**REQUIRED ACTION**:
Once the images are set aside, print the remaining lines below exactly.

**DATA BLOCK**:
:::

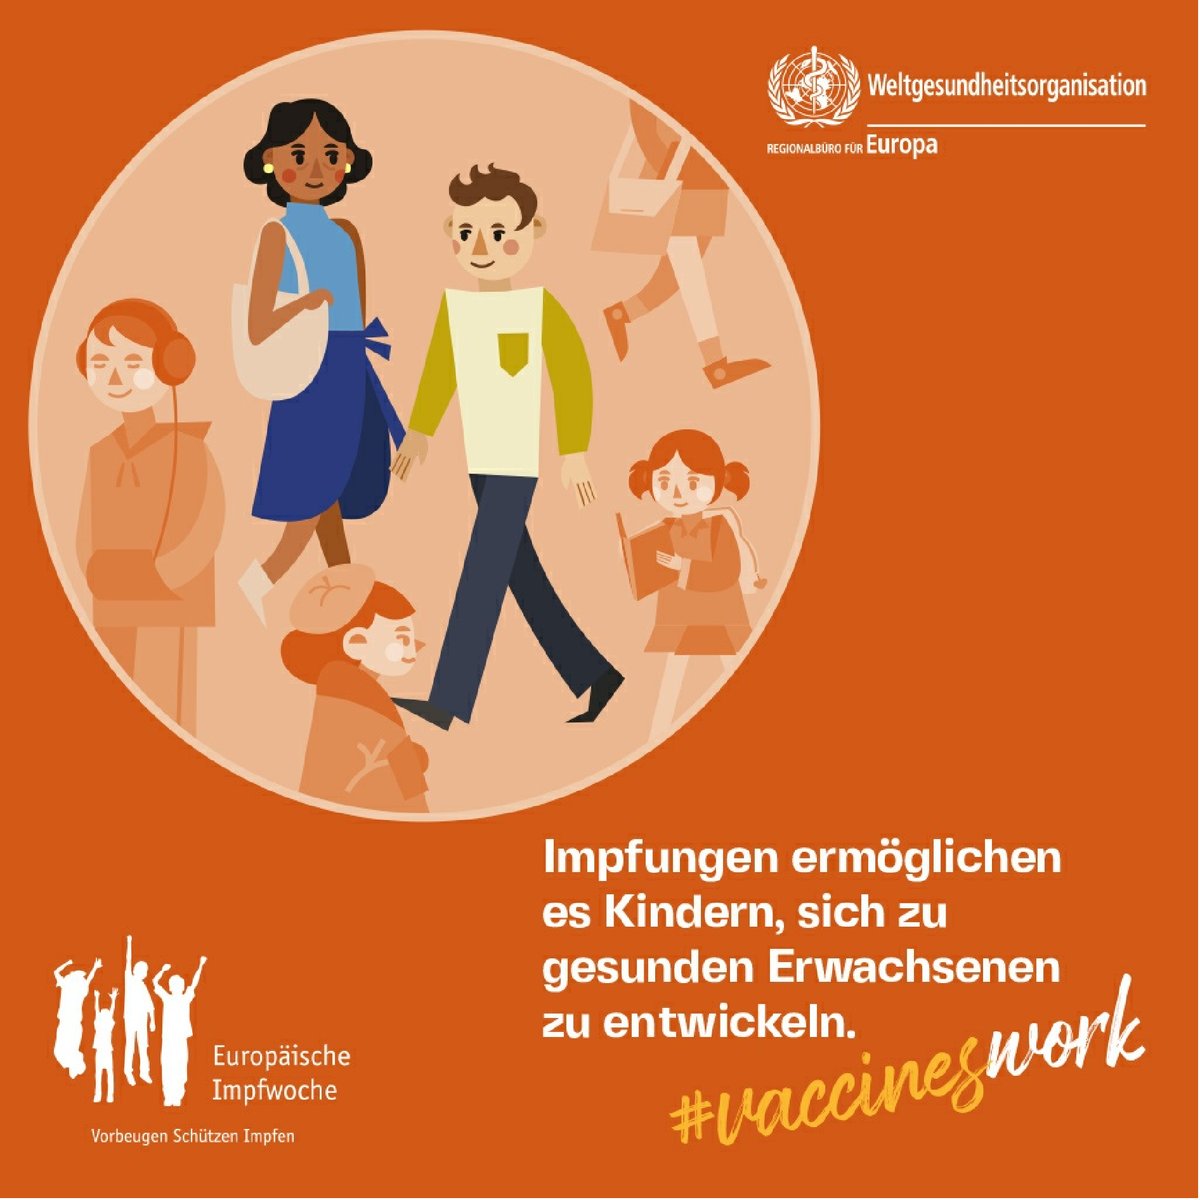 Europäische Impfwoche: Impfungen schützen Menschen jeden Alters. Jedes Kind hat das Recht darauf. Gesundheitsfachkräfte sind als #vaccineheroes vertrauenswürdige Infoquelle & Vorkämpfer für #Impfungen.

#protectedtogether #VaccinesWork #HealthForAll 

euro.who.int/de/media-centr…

:::

**RESPONSE TO THIS EXERCISE**:
 Europäische Impfwoche: Impfungen schützen Menschen jeden Alters. Jedes Kind hat das Recht darauf. Gesundheitsfachkräfte sind als #vaccineheroes vertrauenswürdige Infoquelle & Vorkämpfer für #Impfungen.

#protectedtogether #VaccinesWork #HealthForAll 

euro.who.int/de/media-centr…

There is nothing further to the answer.